Jefferies on SBI Life Insurance Company: ‘Buy’
Jefferies rates it ‘Buy’ allocating a target price of Rs 2,500 which represents an upside of 36% for market participants. SBI Life remains the largest private life insurer in the country with a 16% market share in retail weighted premiums. Jefferies expects growth to accelerate as the parent bank channel rebounds and the company ramps up its agent recruitment efforts.
Expansion in non-participating and participating savings policies is also expected to contribute to higher premium volumes. Margins are projected to improve by 160 basis points to reach 29% which should keep the return on embedded value above 18%. Improving the productivity of their agency channel and tweaks in product structures that add to margins are viewed as positive triggers.
“SBI Life is the largest private life insurer in India with 16% market share in retail weighted premiums,” according to Jefferies.
Jefferies on Star Health and Allied Insurance: ‘Buy’
Jefferies rates ‘Buy’ and has set the target price for Star Health is Rs 585 suggesting an upside of 27%. As the leading standalone health insurer in India, the company dominates the retail health segment with a 33% market share. Jefferies expects premium growth of 16% to be supported by new product launches and investments in their distribution channels.
The loss ratio is predicted to improve as claim frequencies stabilize and recent price hikes lead to higher earned premiums. The expense ratio is also expected to benefit from lower renewal commissions and the introduction of automated processing systems. Earnings are forecast to grow at a very strong 64% compound annual rate over the next two years. Lower claim costs through hospital empanelment and higher than average growth in the retail sector would act as catalysts.
“Star Health is the leading private health insurer in India, with dominance in retail health segment,” reports Jefferies.
Jefferies on KFIN Technologies: ‘Buy’
Jefferies has rated ‘Buy’ with a target price for KFin Tech is Rs 1,200 which indicates a potential upside of 32%. The company is seen as a direct play on the increasing trend of savings moving into financial products like mutual funds and wealth management services. International expansion is offering new growth levers and helping to reduce the concentration of risk in the domestic market.

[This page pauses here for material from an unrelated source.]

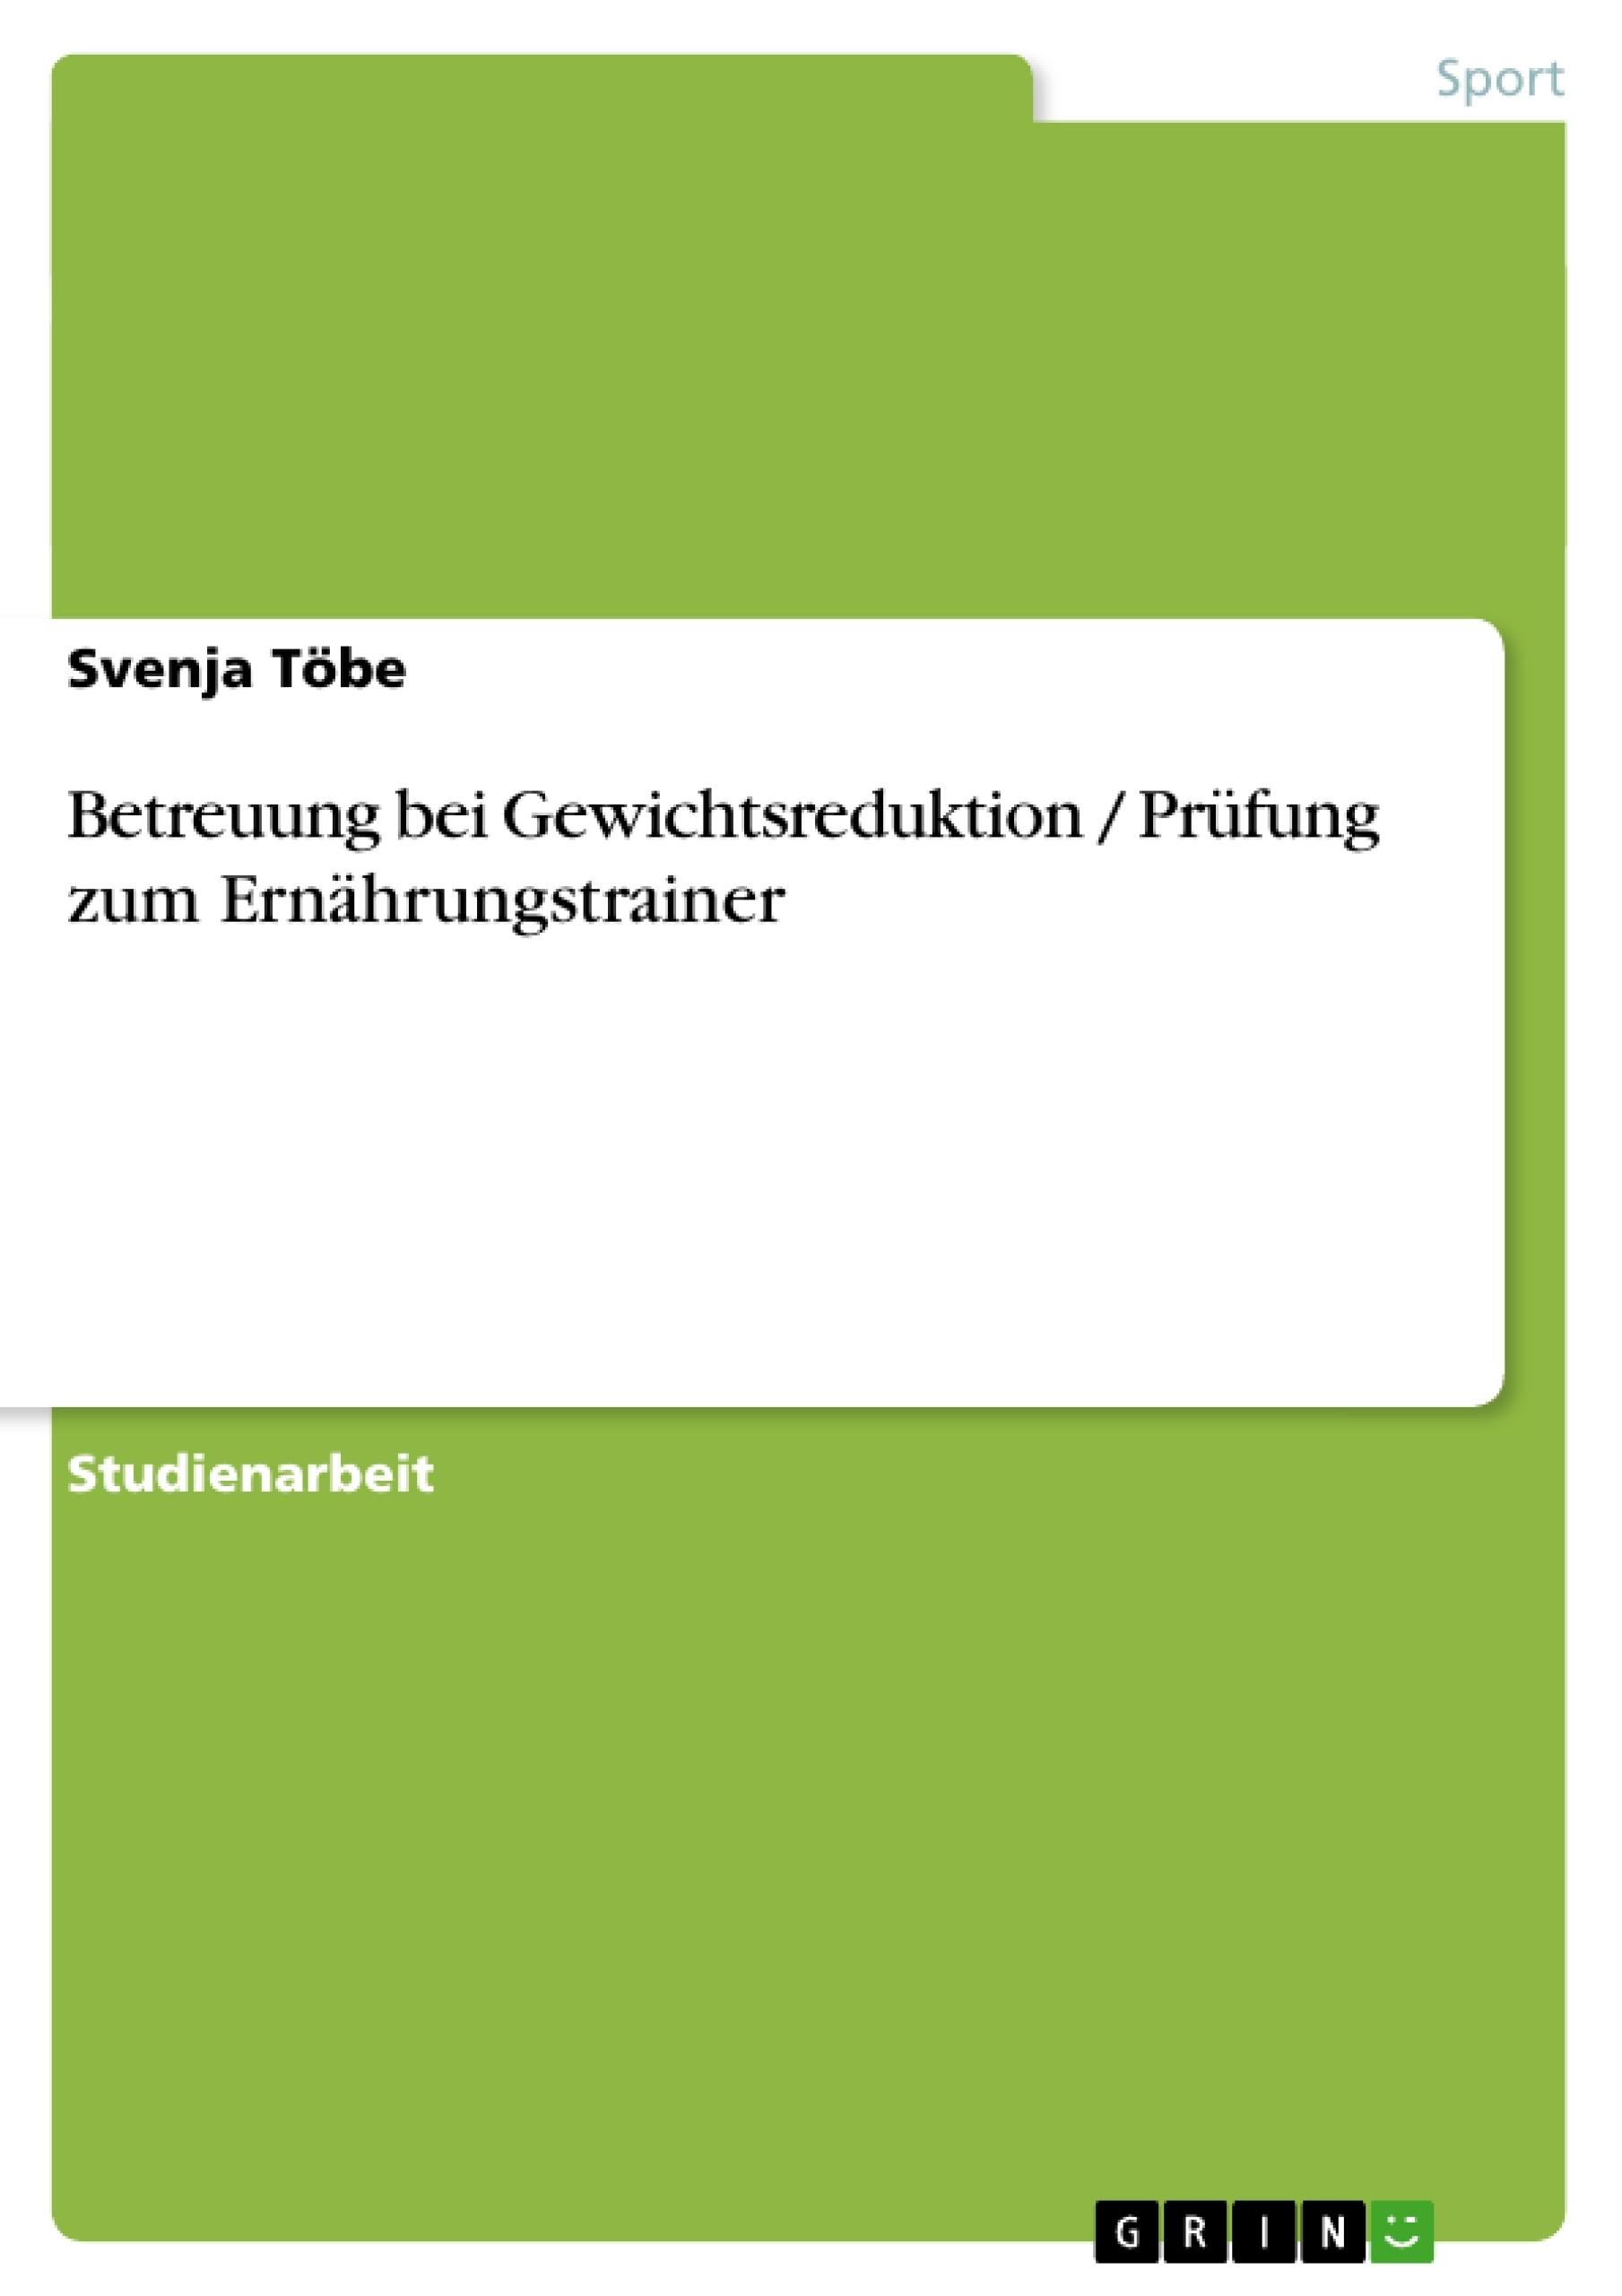 Titel: Betreuung bei Gewichtsreduktion / Prüfung zum Ernährungstrainer

Jefferies expects revenue and profit after tax to grow at rates of 18% and 23% respectively. While many market participants are currently assigning no value to the international operations, Jefferies believes that business could be worth Rs 5,000 Crore. A faster conversion of new international contract wins into active service and limited dilution in domestic yields would be positive for the company’s valuation.

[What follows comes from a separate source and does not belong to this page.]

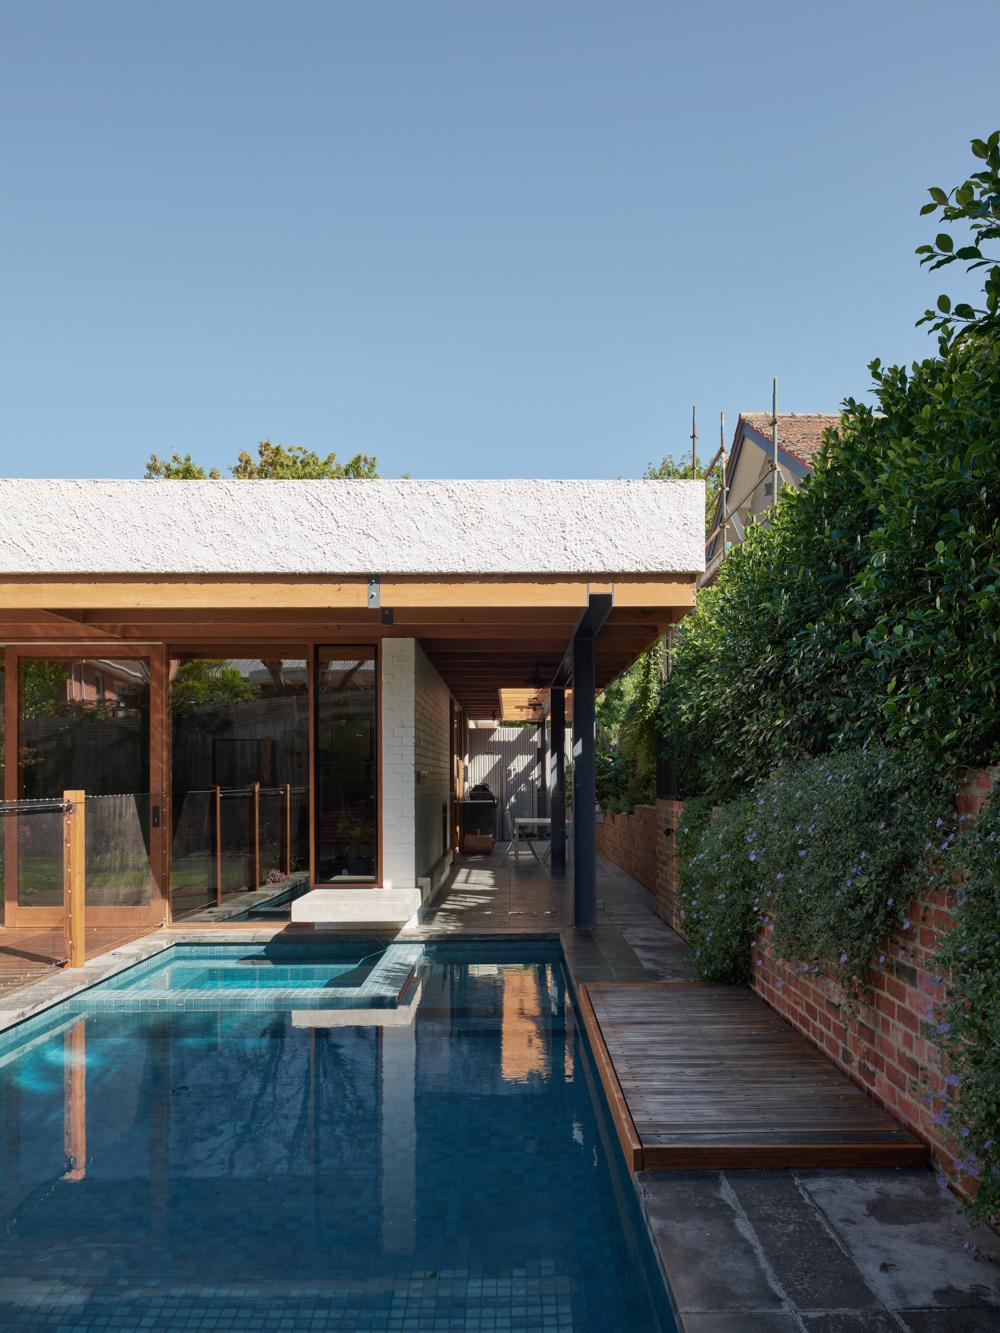 glen-iris-pleysier-perkins-architecture-the-design-emotive-15.jpg

“KFin is a play on increasing financialization of savings,” states the findings by Jefferies.
Conclusion
Jefferies remains optimistic about the long term prospectsbased on strong fundamentals and a structural shift toward the financialization of household savings in the country.
While global events and regulatory changes pose ongoing risks, the combination of expanding distribution networks and improving operating efficiencies suggests that these entities are well positioned to deliver healthy returns over a longer time period. l.
Disclaimer: The following report summarizes specific investment recommendations and price targets issued by Jefferies. These projections and upside percentages are based on third-party brokerage research and should not be construed as a direct offer or solicitation by this publication. Equity investments are subject to market risks, including volatility driven by macroeconomic shifts and regulatory changes.
Before making any investment decisions based on these “Buy” ratings, readers are strongly advised to consult with a SEBI-registered financial advisor to ensure such products align with their specific financial goals and risk tolerance. Past performance of these financial services and insurance entities is not a guaranteed indicator of future results.
This disclaimer has been generated using AI to support user well-being and responsible content consumption.